During the past year, many businesses began making greater use of the Internet of Things, resulting in vastly more connected devices and a corresponding surge in the data that they generate. As the volume of this data continues to swell in 2018, look for three key developments:
1. Users will no longer wait for vendors.
More customers will seek out an accelerated development lifecycle model that allows them to keep innovating in smaller, but more rapid increments. This might not sound like much of a shift, but it’s significant because users will no longer be content to wait for their vendors to break new ground. If the pace of innovation isn’t fast enough for the user community, companies will take matters into their own hands. That in turn will pressure vendors to deliver new application building blocks that can be rapidly assembled.
2. The traditional data lake will dry up.
The soaring population of devices on the IoT has created a dire need to scale out data pipelines in a cost-effective way.
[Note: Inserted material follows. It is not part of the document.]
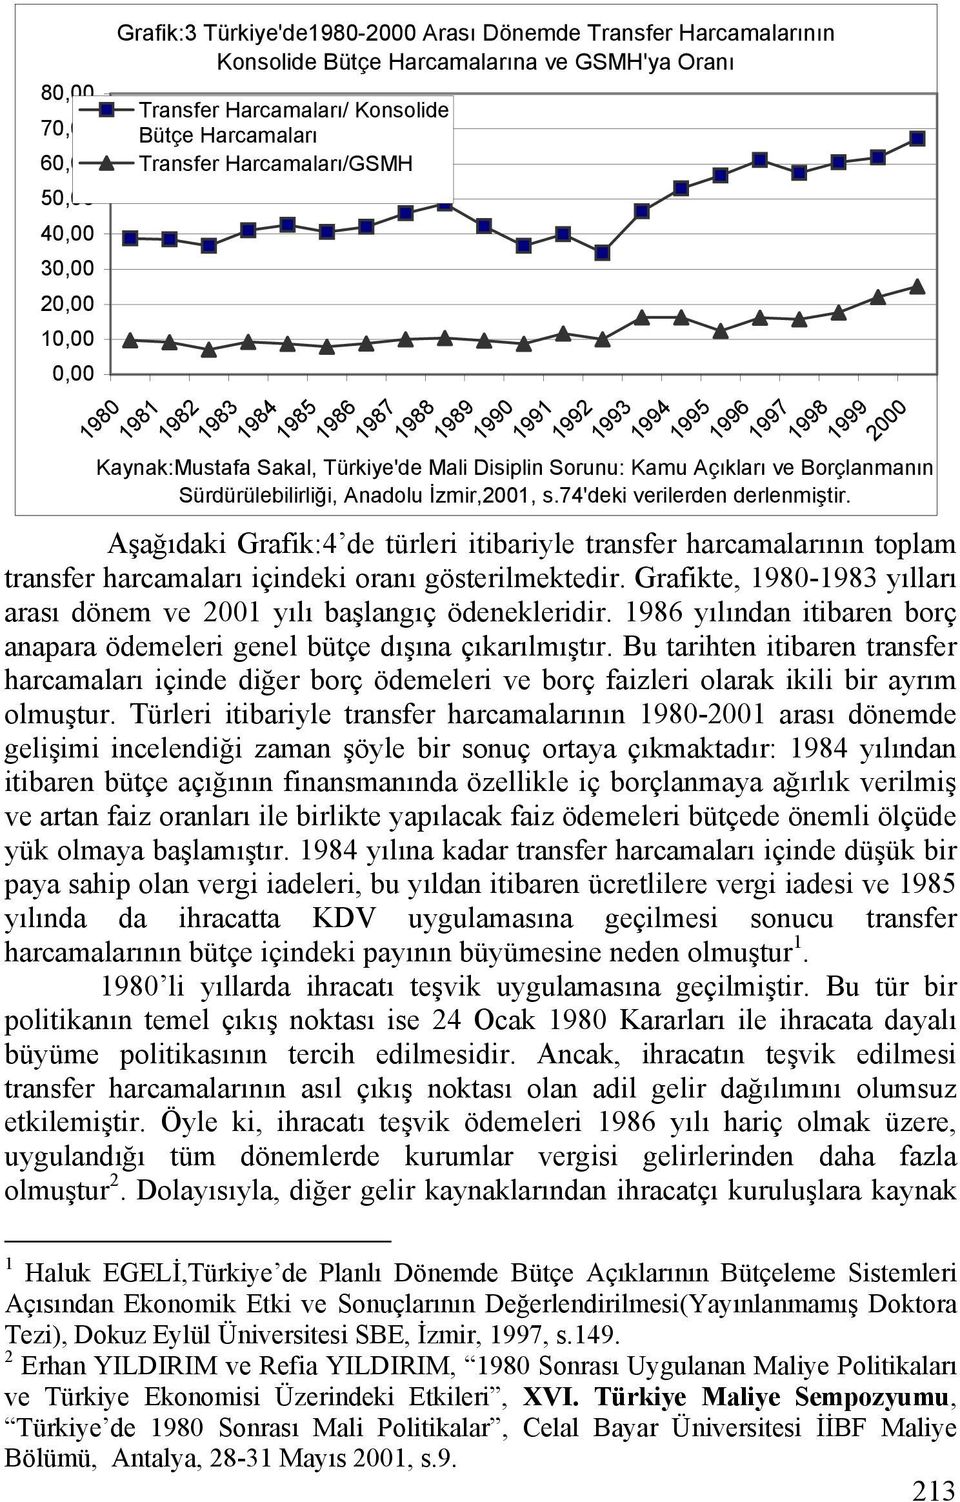 Sorunu: Kamu Açıkları ve Borçlanmanın Sürdürülebilirliği, Anadolu İzmir,2001, s.74'deki verilerden derlenmiştir.

Big data and cloud ecosystems can no longer be limited to search indexing or data warehousing. They need to service the entire enterprise data flow, regardless if it’s generated by a person or a machine. And this needs to be done in real-time, since an enterprise that can perform real-time predictive analytics will gain an immense advantage over one that cannot not.
The implication here is that the data lake architecture that served companies so well through the data “at rest” and “batch” era has now become real-time data analytics’ Achilles heel. Parking data first and then analyzing it puts companies at a massive disadvantage. When it comes to gaining insights and taking action, businesses that rely on stale event data will be left in the dust. This is one area where ‘good enough’ will prove strategically fatal.
3. Enterprise applications will increasingly become ‘commoditized.’
Long gone are the days when critical enterprise applications were developed in multi-year cycles. The rapid speed at which companies and their adversaries are evolving requires the IT industry to drastically alter its application development and delivery model. Enterprise-grade applications needs to be deployed in weeks or months, and commoditized applications offer users the enterprise-grade building blocks they need to get the outcome they want within a quarter or two at most.
To put all this another way, the pressure that the user community is placing on its vendors will leave the software industry without any lead time for new application development. Like every other industry, it will just have to get used to doing business in the digital economy.